Question about impl regarding handling of `-execfd` with/without a program name.

1) `-execfd` + program name ie: `qemu -execfd <some_fd> ls -a`.
2) `-execfd` without program name i.e: `qemu -execfd <some_fd> -a`.

Do you want to allow both of these?
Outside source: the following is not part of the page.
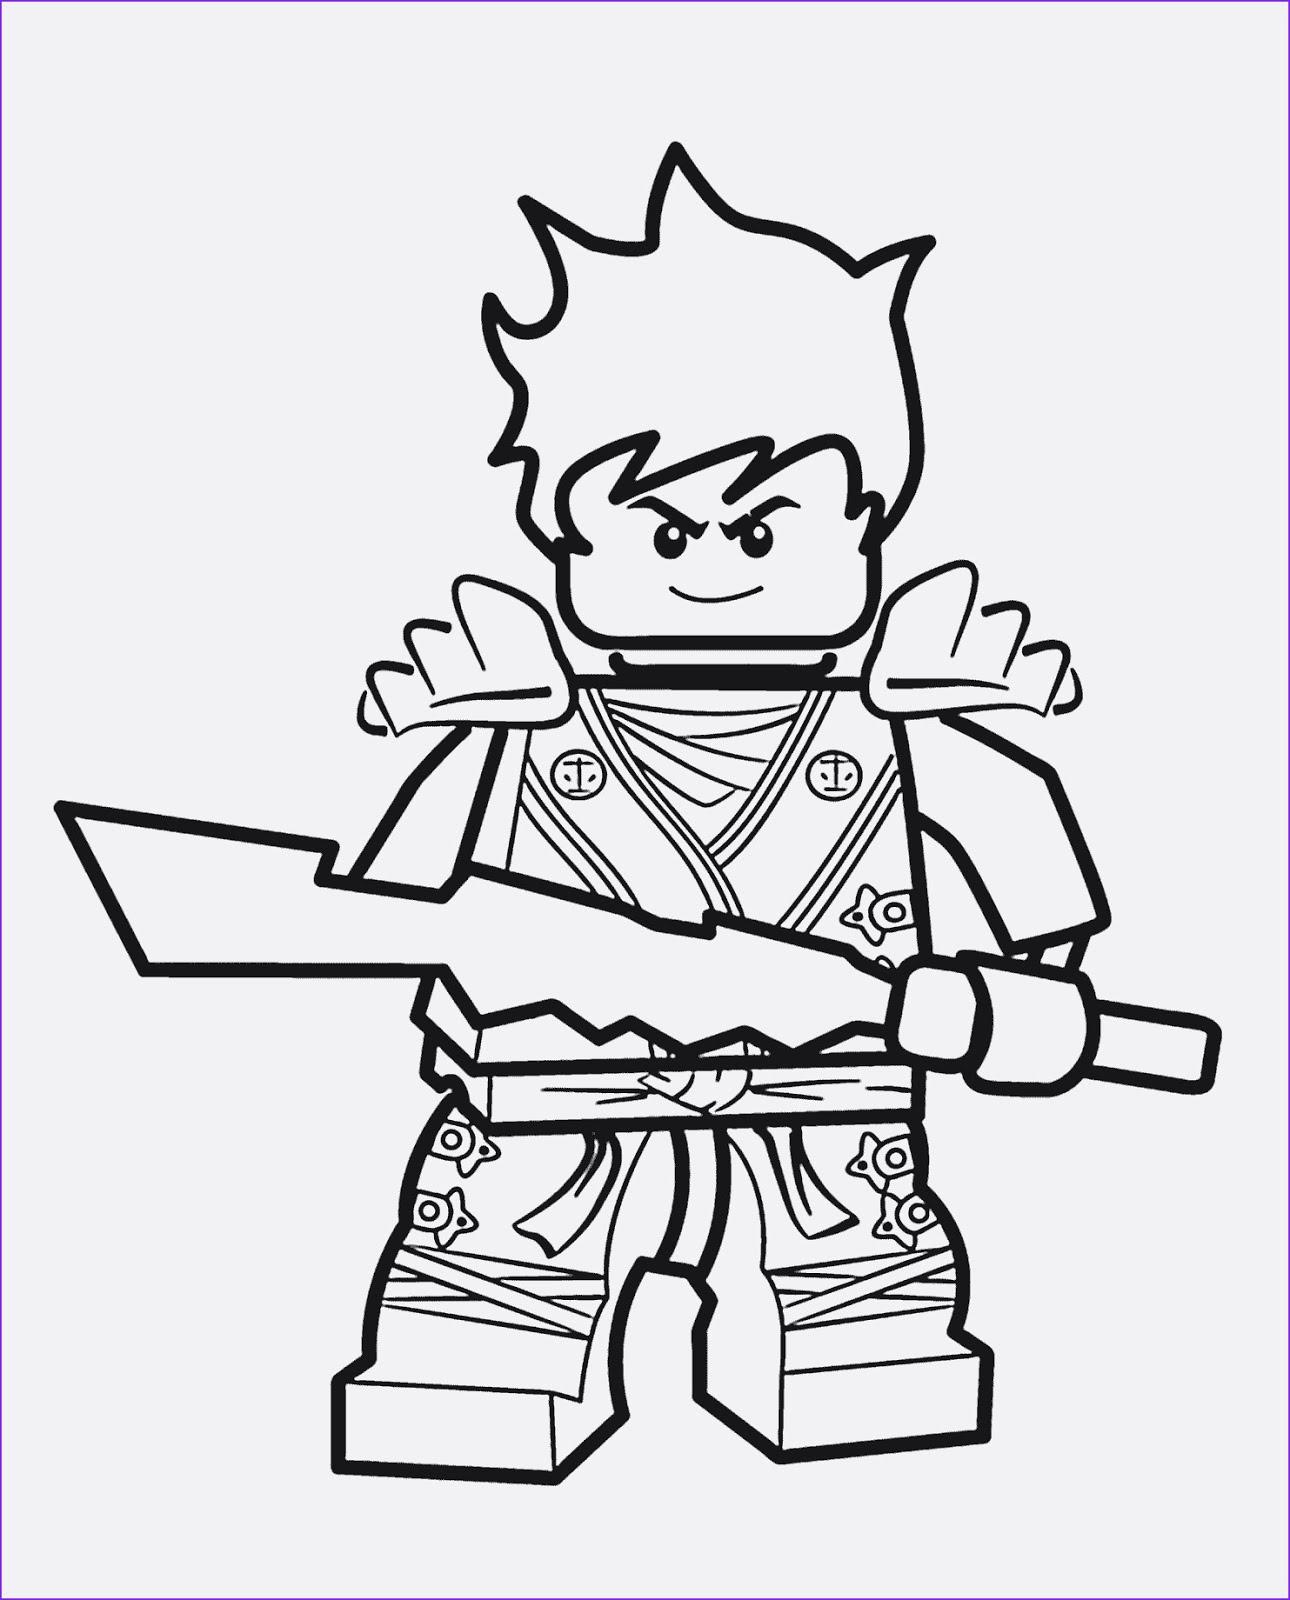 Ausmalbilder Lego Ninjago   Lego Ninjago zum Ausmalen ...

If you want to allow (1), what should
we use for `argv[0]`/`exec_path`. The program pass ("ls") or
`readlink(<some_fd>)`?
Re: linux-user: Add option to run `execve`d programs through QEMU
Posted by Richard Henderson 2 weeks, 3 days ago
On 11/6/24 18:13, Noah Goldstein wrote:
> Question about impl regarding handling of `-execfd` with/without a program name.
> 
> 1) `-execfd` + program name ie: `qemu -execfd <some_fd> ls -a`.
> 2) `-execfd` without program name i.e: `qemu -execfd <some_fd> -a`.
> 
> Do you want to allow both of these? If you want to allow (1), what should
> we use for `argv[0]`/`exec_path`. The program pass ("ls") or
> `readlink(<some_fd>)`?

The canonical response is, examine the kernel source.
We're not implementing this in a vacuum, you're replicating execveat(2).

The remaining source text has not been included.